In any case, Mahar said no resorts closed as result of COVID and there were no COVID outbreaks associated with Vermont ski resorts.

While COVID didn’t keep everyone away from the resorts, it did tend to keep them out of the lodges and restaurants and hotels. Mahar said lodging revenue was down by 60% and food and beverage revenue plummeted by 70%.

“Even on a day we had a lot of skiers, you’d go into the cafeteria and there were crickets,” Bolton Valley Resort President Lindsay DesLauriers said. “There was no way around that. There was no way around taking a hit.”

At Pico, tailgating became a common sight in the parking lot. Mahar said she was confident that however much fun visitors had with apres-ski grilling, most of them would be back in the lodges next season.

“It really is weather-dependent, and we do have some cold-weather days,” she said. “That’ll be interesting to see what does change in the long run, but I think people will still want to have their beer at the bar and a hot lunch, and get warm.”

DesLauriers said being one of the state’s smaller resorts worked out strongly in Bolton’s favor this year. She said roughly 70% of their visitors live within a 45-minute radius, so they did not take nearly the same hit as larger resorts more reliant on out-of-state and foreign visitors.

It was hard to get the larger resorts to discuss the season. Killington and Sugarbush did not respond to inquiries and Okemo responded with an email that offered no detail about the 2022-21 season but listed its pass prices for next year.

“Without a doubt, the pandemic has devastated the Vermont economy in so many ways, whether that’s businesses or the people who work for them,” said Betsy Bishop, president of the Vermont Chamber of Commerce. “I think as we are all looking forward to a time when we can return to a new normal, there are still going to be difficulties.”

A big part of that difficulty, according to Mahar, Bishop and Pelham, is debt. Just because a business is still running, they said, doesn’t mean they will come out of the pandemic unscathed.

“As we start to see the economy recover, what people don’t see is the amount of debt that’s been acquired in the last 13 months,” Bishop said. “That does not go away in a summer season. ... That’s going to take a very long time. ... Being open does not equal being profitable. I think there’s a long road to recovery.”

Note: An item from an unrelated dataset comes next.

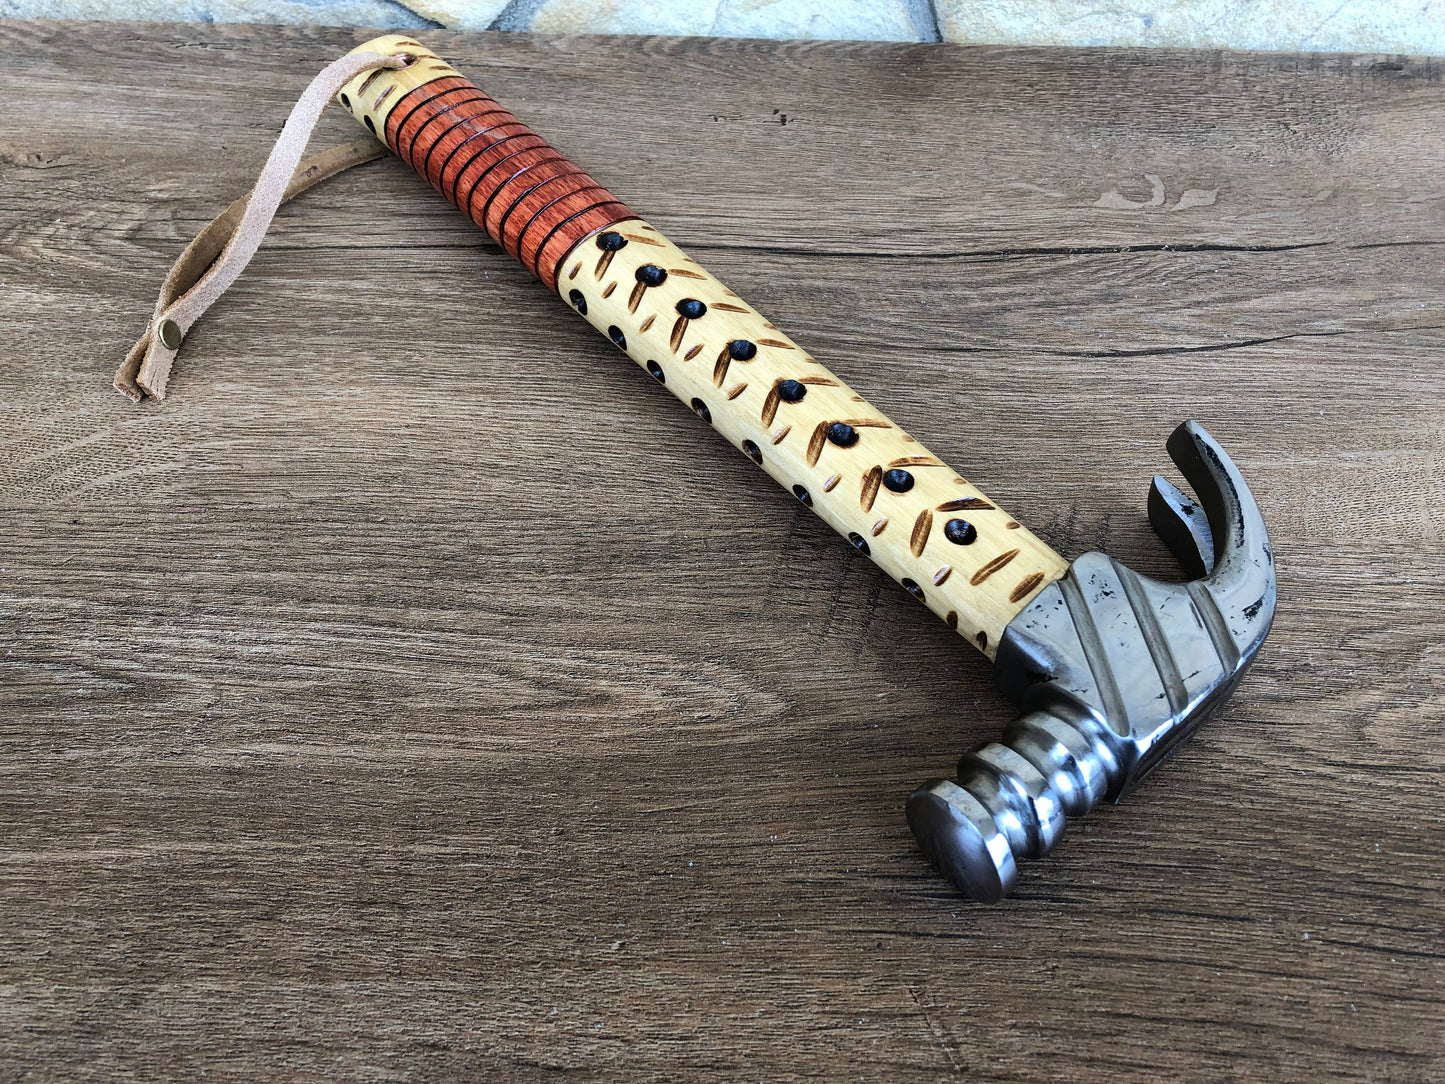 Claw hammer, hammer, gift for father, hand crafted hammer, hammer dad, hammer charm, hammer display, hammer for papa, hammer for grandpa

Mahar said a number of resorts are hoping the wedding season will be strong enough to at least begin to close the gap, and Pelham said the state is planning another $50 million in economic recovery grants. Bishop said there is one more challenge to be overcome though — an apparent labor shortage.

“If we don’t have our workers return to work, that will be a restraint on the recovery as well,” she said. “I would encourage people to get their vaccine and bring their patience when they go out to eat or go to a store. ... With a decreased workforce and the restaurant industry still having less than 100% capacity, I think demand may stretch our previous business model.”